On 21 July 2025, HMRC launched their Transformation Roadmap, which sets out ambitious plans for HMRC to become a digital-first organisation by 2030, with 90% of customer interactions taking place digitally. This compares to 76% as at today. HMRC will automate tax wherever possible and offer new digital self-serve options across a number of tax regimes.
It is estimated that the plans will save HMRC £50 million a year, including by moving customer letters and reminders to a digital-first approach and reducing the reliance on paper correspondence by 2028/29. Paper post provision will remain for critical correspondence and for the digitally excluded.
The Transformation Roadmap sets out timescales for delivery and HMRC is committed to reporting on progress. Work is underway to deliver some of the measures set out in the roadmap this tax year, including:
- improving Self Assessment registration service and streamlining the exit process for those customers who no longer need to file a Self Assessment tax return.

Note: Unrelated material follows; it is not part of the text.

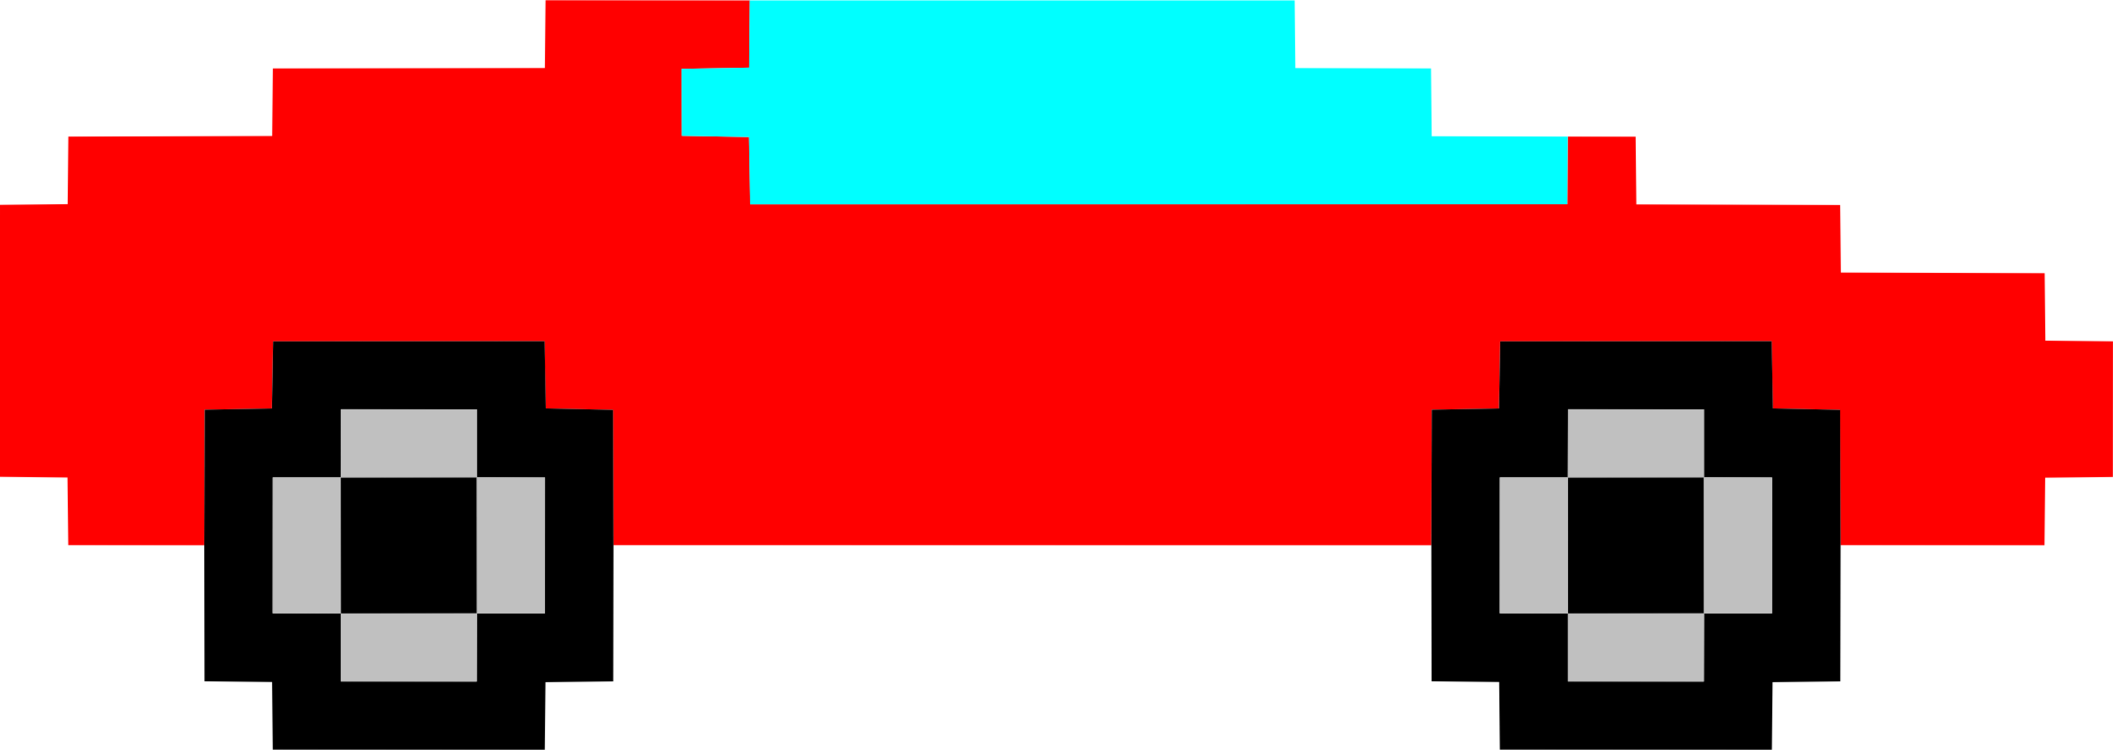 Car Pixel Art Drawing Pixelation - Logo Pixel Art Car Clipart (2113x750), Png Download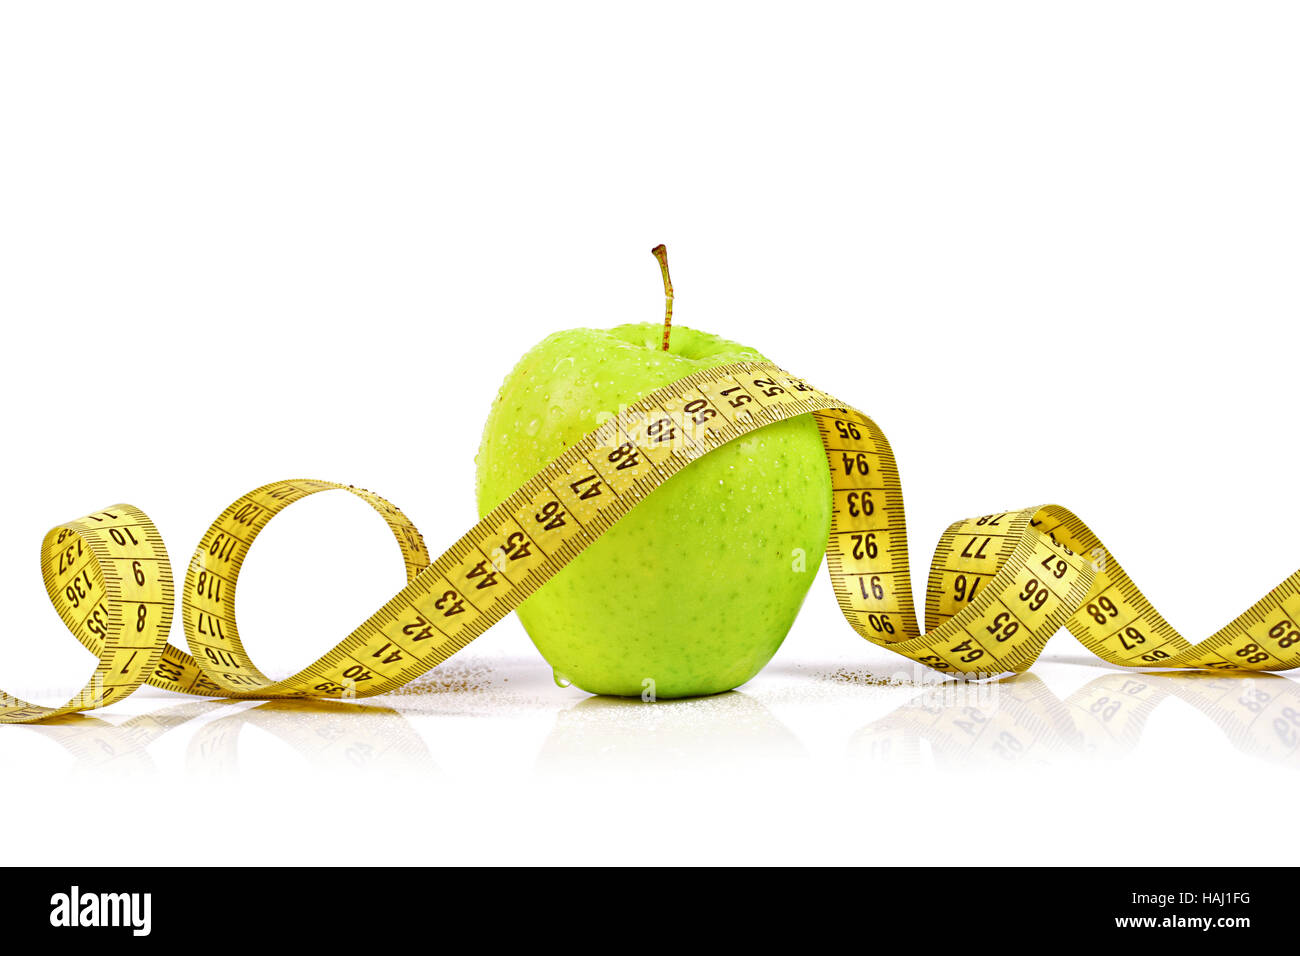 Diät - frischer Apfel mit Maßband Stockfoto

- a new service to give employed parents, who are newly liable for the High Income Child Benefit Charge, the choice to pay it directly through their tax code without needing to register for Self Assessment.
- launching an enhanced reward scheme for informants, targeting information on serious non‑compliance in large corporates, wealthy individuals, offshore and avoidance schemes.
Longer-term improvements include:
- From April 2026, the pre-population of Self Assessment tax returns with Child Benefit data.
- From 2027-28, digitising the inheritance tax service.
- Simplifying payments and refunds, including direct bank repayments and easier National Insurance contribution refunds.
- Single Customer Account Programme to provide a unified view of the taxpayer’s overall income and tax position in their digital account.
Lastly, in what will come as good news to many, HMRC announced that MTD for Corporation Tax will not be implemented.